Park is noted for his work in human ecology, race relations, human migration, cultural assimilation, social movements, and social disorganization He played a large role in defining sociology as a natural science and challenged the belief that sociology is a moral science. He saw sociology as "...a point of view and a method for investigating the processes by which individuals are inducted into and induced to cooperate in some sort of permanent corporate existence, society."

== Biography ==
=== Childhood and early life ===
Robert E. Park was born in Harveyville, Luzerne County, Pennsylvania, on February 14, 1864, to parents Hiram Asa Park and Theodosia Warner Park. Immediately following his birth, the Park family moved to Red Wing, Minnesota, where he grew up.

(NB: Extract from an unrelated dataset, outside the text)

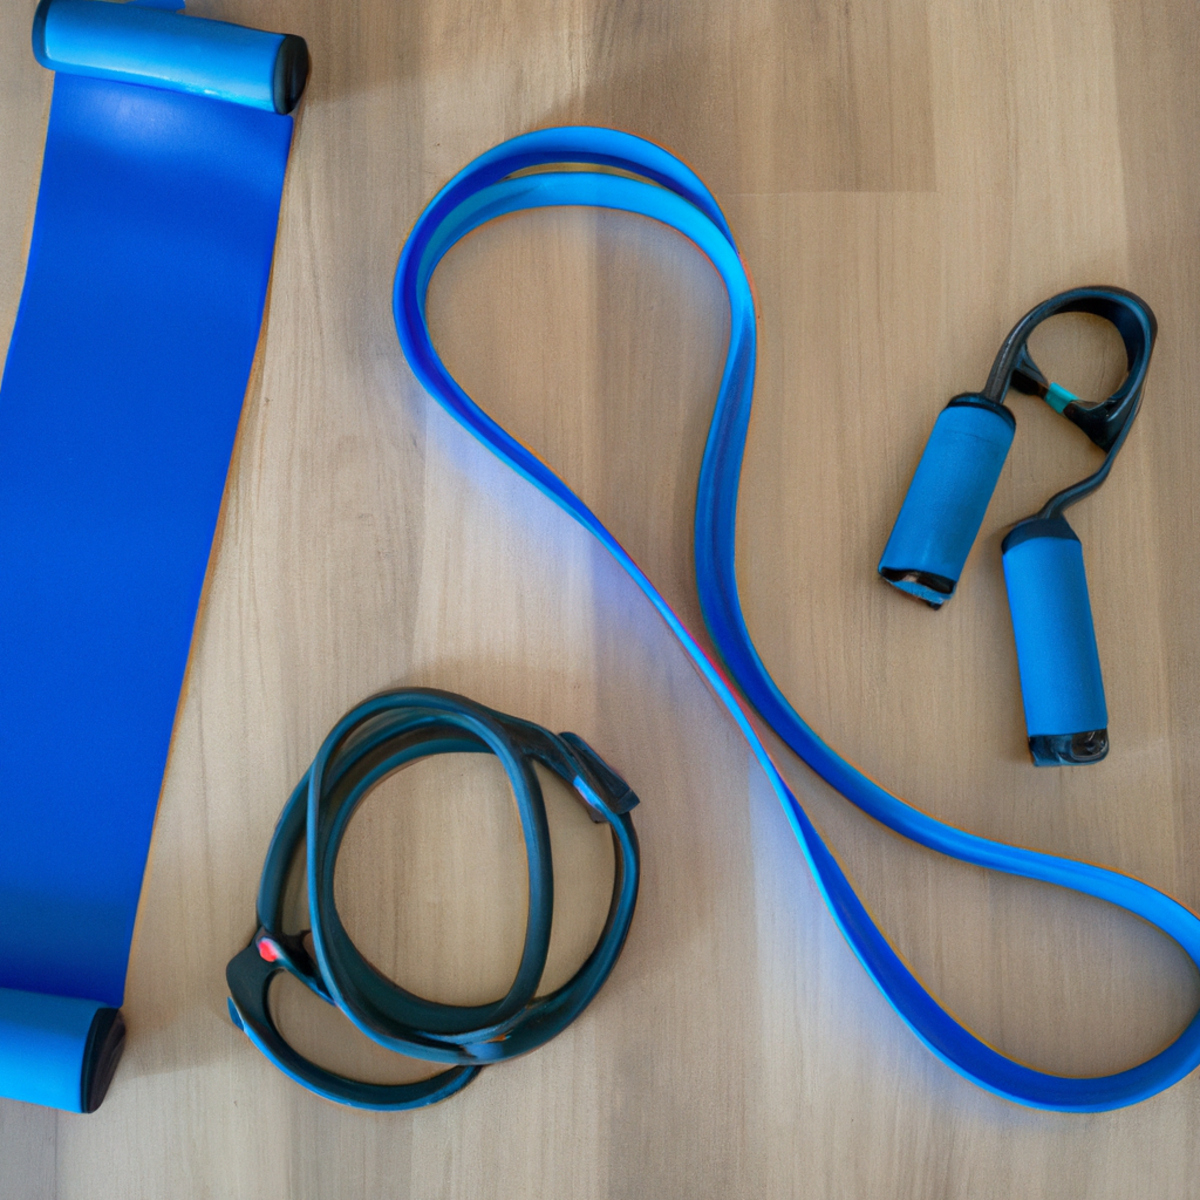 The photo depicts a neatly arranged set of workout equipment on a wooden floor. In the center of the frame, a resistance band is stretched taut between two sturdy metal handles. The band is a vibrant shade of blue, and its texture is visible in the photo, with small ridges running along its length. To the left of the band, a set of dumbbells is arranged in ascending order, with the smallest weight at the front and the largest at the back. The dumbbells are made of shiny metal and have black rubber grips. To the right of the band, a yoga mat is rolled out, its surface a deep purple color. The mat is slightly textured, with a pattern of small dots visible in the photo. In the background, a large window lets in natural light, casting a warm glow over the scene. The photo is inviting and suggests that the viewer could easily set up a similar workout space in their own home.

Park lived in Red Wing for his first eighteen years. Given the pseudonym "Middle Border" by American novelist Hamlin Garland, Red Wing was a small town of immigrants and Mdewakanton on the bluffs and in the valley along the northern Mississippi River. The rural area is fertile, and Minnesota serves as a corporate outpost for East Coast colonial investment in the American West; Park's hometown was connected to the Twin Cities nearby to the north and Chicago to the east by barge, riverboat, and railroad. Suggesting something of a criminology credential, Park later recalled an encounter with bandit Jesse James, who young Park provided with directions to a local blacksmith's shop. Park has been described as an "awkward, sentimental and romantic boy" whose character led him to develop an interest in writing. He was not considered a promising student, but he liked learning about the people in his town and their ancestries, a niche which would prove to be useful throughout his life. Park graduated high school in 1882, finishing tenth overall in a class of thirteen. Park was interested in attending college after high school, but his father did not consider his son "study material" and did not support the boy's plan. As a result, Robert ran away from home and found a job working on a railroad.

Park's love of writing and concern for social issues, especially issues related to race in cities, led him to become a journalist. Franklin Ford and Park made plans for a newspaper, Thought News, which would report public opinion. Although it was never published, Park still pursued a career as a journalist. From 1887 to 1898, Park worked as a journalist in Detroit, Denver, New York City, Chicago, and Minneapolis. Park's experience as a reporter led him to study the social function of the newspaper, "not as an organ of opinion, but as a record of current events". Towards the end of his newspaper career, Park became disenchanted with the idea that newspaper reporting could alone solved social issues. As a reporter Park learned a great deal about urban communities, which inspired his later sociological endeavors in race relations.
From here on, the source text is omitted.